Après avoir connu un succès critique (13 prix) et public (1 131 154 entrées en France) avec « Little Miss Sunshine », le duo de réalisateurs Jonathan Dayton et Valerie Faris récidivent avec «Elle S’appelle Ruby». Opérant dans le même registre de la comédie douce-amère saupoudrée cette fois-ci de fantastique, les deux cinéastes mettent en images le brillant et original scénario écrit par l’actrice Zoe Kazan qui tient le rôle principal. Je dis «original» car, même si cette histoire est évidemment inspirée du mythe de «Frankenstein ou la Prométhée moderne», l’œuvre de Mary Shelley, et du mythe de Pygmalion et Galatée, comme l’a dit Michel Ciry : «L’originalité n’est que la vision nouvelle d’un thème éternel».
Le docteur Frankenstein du film se nomme Calvin Weir-Fields (interprété par Paul Dano), considéré comme “un génie” par le communauté littéraire après la sortie de son premier et unique roman, il est angoissé à l’idée de ne plus être à la hauteur de sa réputation. Solitaire et célibataire, les seules personnes à qui il confie son mal de vivre sont son frère et son psychiatre. Ruby Sparks apparaît à Calvin pour la première fois dans ses rêves et c’est cette muse onirique puis réelle qui sera le fruit de son inspiration retrouvée. Calvin va façonner sa création au fil des mots tapés sur sa machine à écrire, outil artisanal qui, bien qu’archaïque, est une formidable trouvaille car il accentue, à chaque lettre frappée, l’impossibilité d’un retour en arrière.
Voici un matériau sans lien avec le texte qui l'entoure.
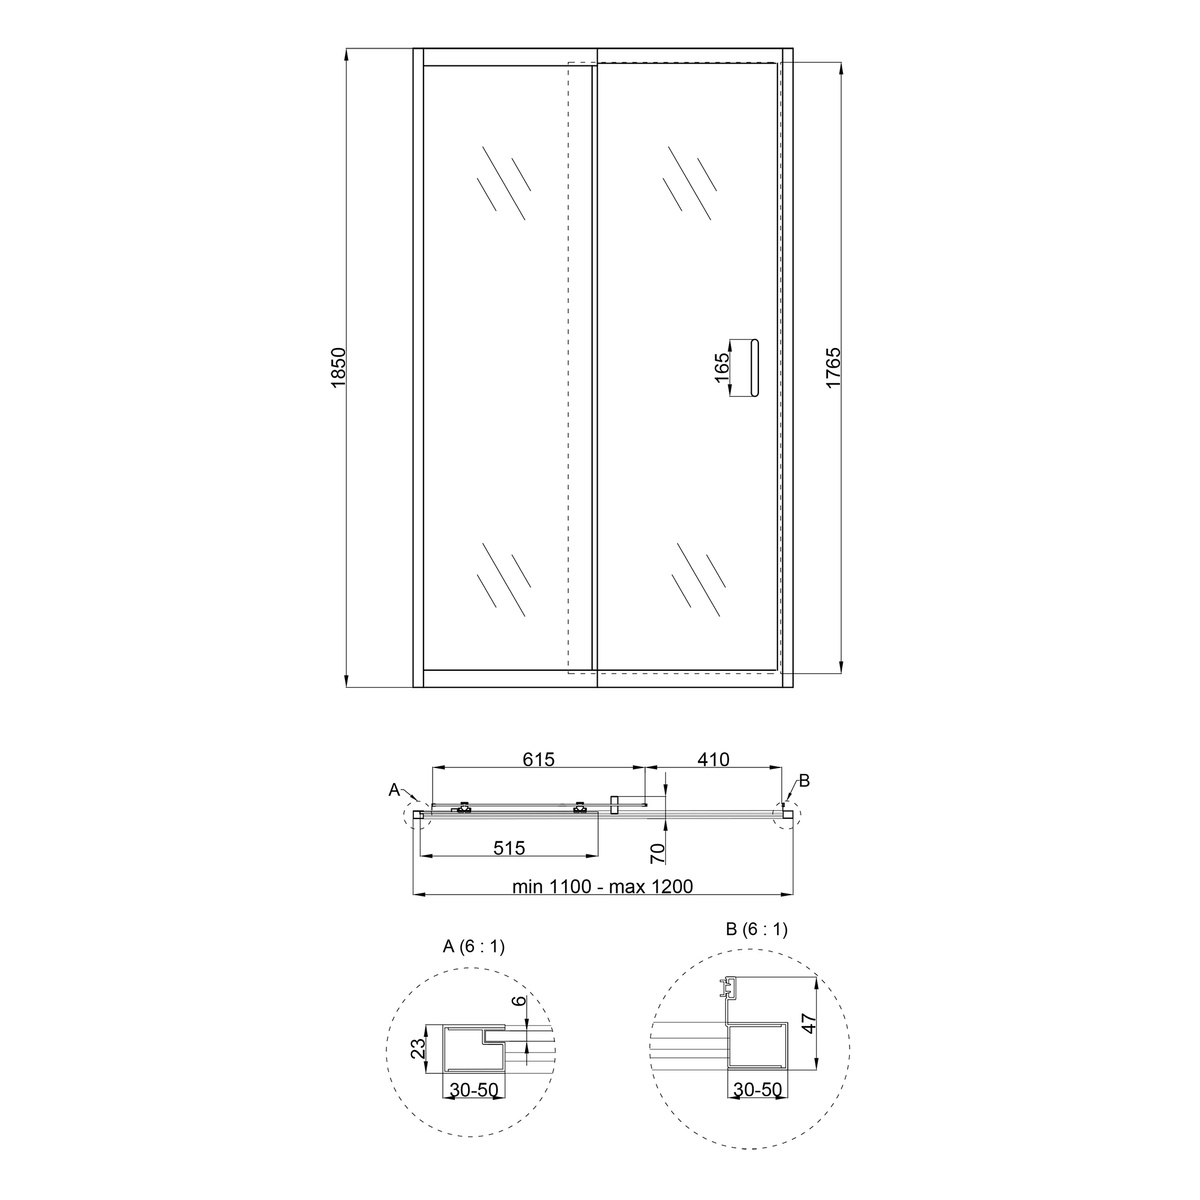 Дверь для душевой ниши Q-TAP Taurus стеклянная универсальная раздвижная 185x120см прозрачная 6мм профиль хром TAUCRM201112C6

Ce qui, à mon humble avis, est LA réussite de ce long-métrage, est l’impressionnante performance de Zoe Kazan dont le personnage passe par de nombreuses personnalités et émotions durant le film. Je ne vais pas tout vous dévoiler mais, par exemple, au départ, après quelques pressions sur le clavier de sa machine à écrire, Calvin s’amuse notamment à la faire parler couramment l’italien (Ruby parle le français dans la VO). Bref, ce qui est aussi intéressant est que de simple marionnette qui obéit au doigt et à l’œil à son ventriloque, Ruby va peu à peu s’humaniser, prendre son indépendance et devenir un vrai casse-tête pour Calvin.
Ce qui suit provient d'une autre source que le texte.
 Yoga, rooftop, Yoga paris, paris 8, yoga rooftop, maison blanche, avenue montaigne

Doit-il la laisser s’émanciper au risque de voir s’échapper la femme qu’il aime ? Est-elle condamnée à être l’esclave de l’imaginaire de Calvin ? En vérité, quel homme n’a jamais rêvé de modeler la femme de ses rêves ? Mais ce que nous rappelle ce film est que la perfection ne fait pas partie des attributs de l’humain. D’ailleurs, c’est paradoxalement en cherchant à rendre Ruby «parfaite», en la manipulant tel un Rubik’s cube, que Calvin perd son humanité.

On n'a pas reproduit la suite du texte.